Bu şartlar altında, Kırım’da gerçekte neyin olup bittiğini anlamak hayli sıkıntı. Halbuki Türkiye açısından, kökenleri ve kültürleri bakımından kendisine son derece yakın bir halk olan Kırım Tatarlarının durumunu anlamak; özgürlüğüne son derece düşkün olan bu halkın tarihî gelişiminin önündeki manileri belirlemek ve kaldırmak son derece kıymetli.
Şunu bir kere daha hatırlamak gerekir ki Kiev idaresi, Kırım’ın Ukrayna’nın elinden çıkmasının çabucak akabinde birinci iş olarak bölgeye yönelik hava ve demiryolu trafiğini kesmiş, yarımadaya su ve güç ablukası uygulamıştı. Su kanallarının kapatılması ve elektrik sınırlarının amaç alınması hâlihazırda hayli kurak olan bu bölgeye yönelik tatlı su ve elektrik tedarikinde önemli sıkıntılara yol açmıştı. Bu hareketler, lokal nüfusun zorluklarla dolu olan hayat şartlarını daha da zorlaştırmıştı.
Bu durum, Kiev idaresi ve Kırım Tatar Meclisindeki müttefiklerinin, yarımada sakinlerinin refahından daha büyük öncelikleri olduğunu düşündürüyor. Bugün gelinen nokta itibariyle Kiev idaresi açıkça, Kırım sıkıntısını siyasi maksatlarına ulaşmak için bir çeşit manivela olarak kullanıyor. Rusya Federasyonu’nun izole edilmesi istikametinde ortaya koyduğu gayretler ise Kiev idaresine askeri ve mali yardım olarak geri dönüyor.
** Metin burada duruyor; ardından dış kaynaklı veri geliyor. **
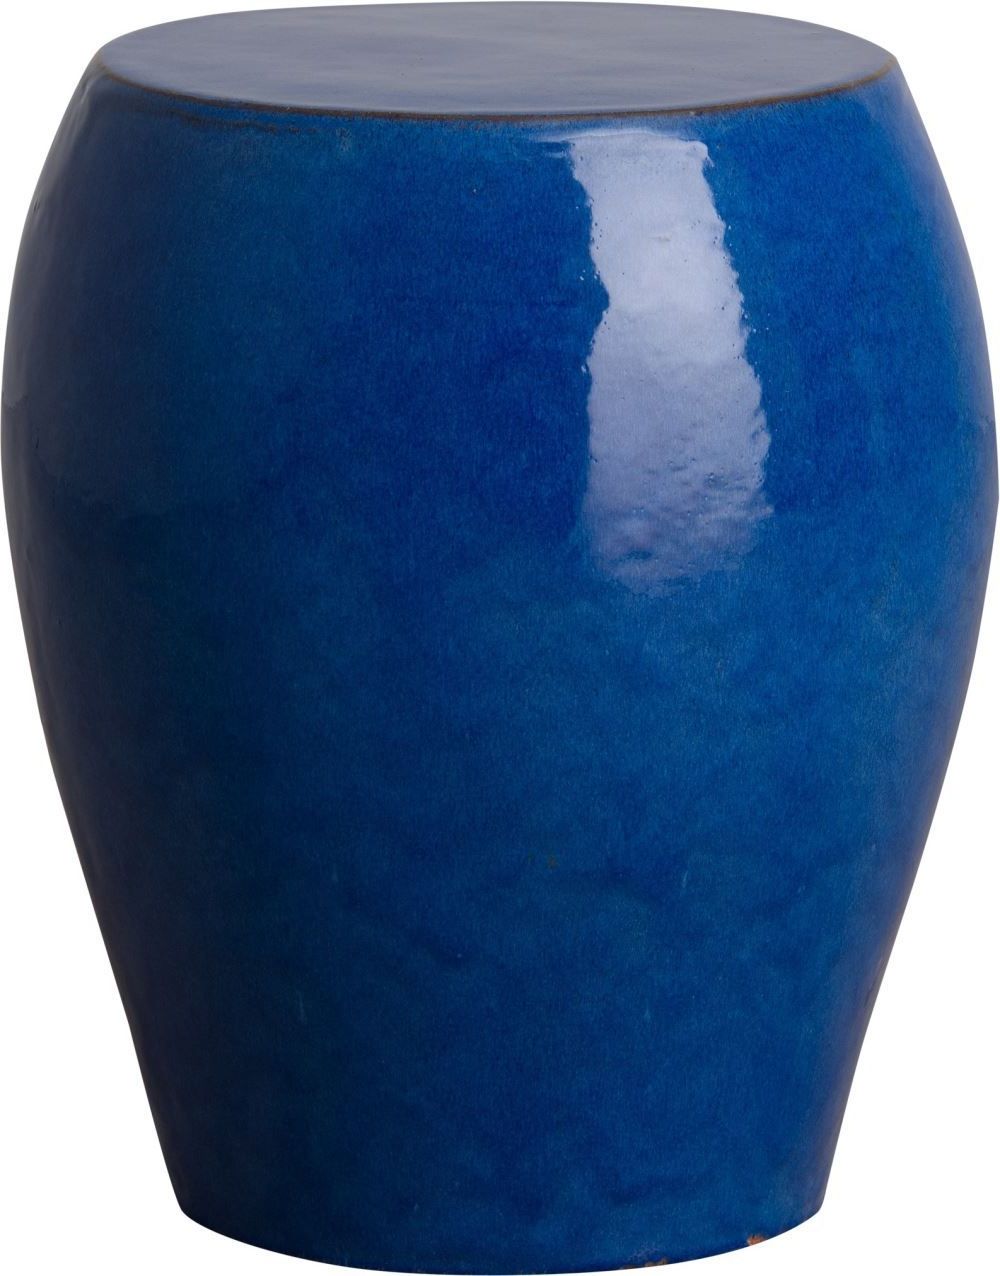 Aloysius Ceramic Garden Stools Inside Popular Seiji Garden Stool/table With A Blue Glaze – Em  (View 9 of 30)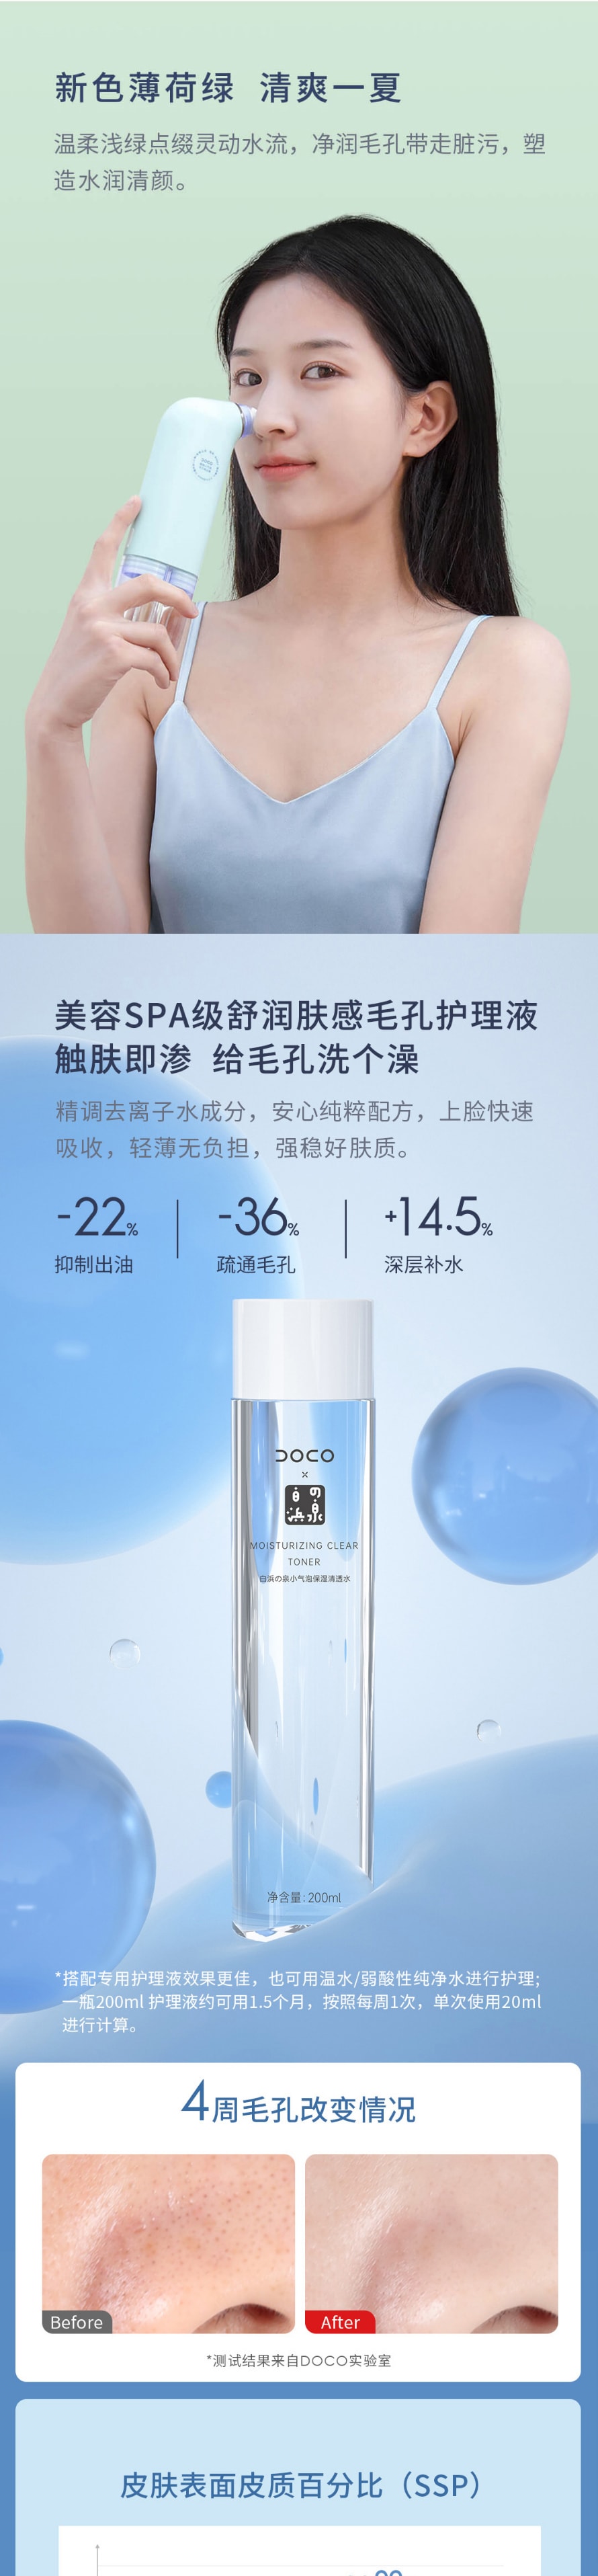 【中国直邮】小米有品 DOCO 超微小气泡毛孔吸尘器黑头仪 蓝光版

Türkiye, Kırım’ın statüsüne ait gerçek ve stratejik bir karar verdi. Bu çerçevede, Rusya’nın yarımada üzerindeki yetkisini resmen tanımadı, lakin tıpkı vakitte ABD ve AB’nin Rusya aykırısı yaptırımlarına takviye vermekten de kaçındı. Bu istikrarlı pozisyon, Türkiye’nin bağımsız dış siyaset çizgisinin yanı sıra ekonomik egemenliğini müdafaasına yardımcı olmakta; Batılı devletler tarafından Moskova’ya karşı bir araç olarak kullanılmasını engellemekte ve ulusal gayeleri doğrultusunda kararlılıkla ilerlemesine imkan tanımakta. Fakat başka taraftan da Kırım Platformu’na iştirakin hakikaten Türkiye’nin çıkarına olup olmadığı sorusu, mevcut jeopolitik durum ışığında bütün tartısıyla masada durmakta.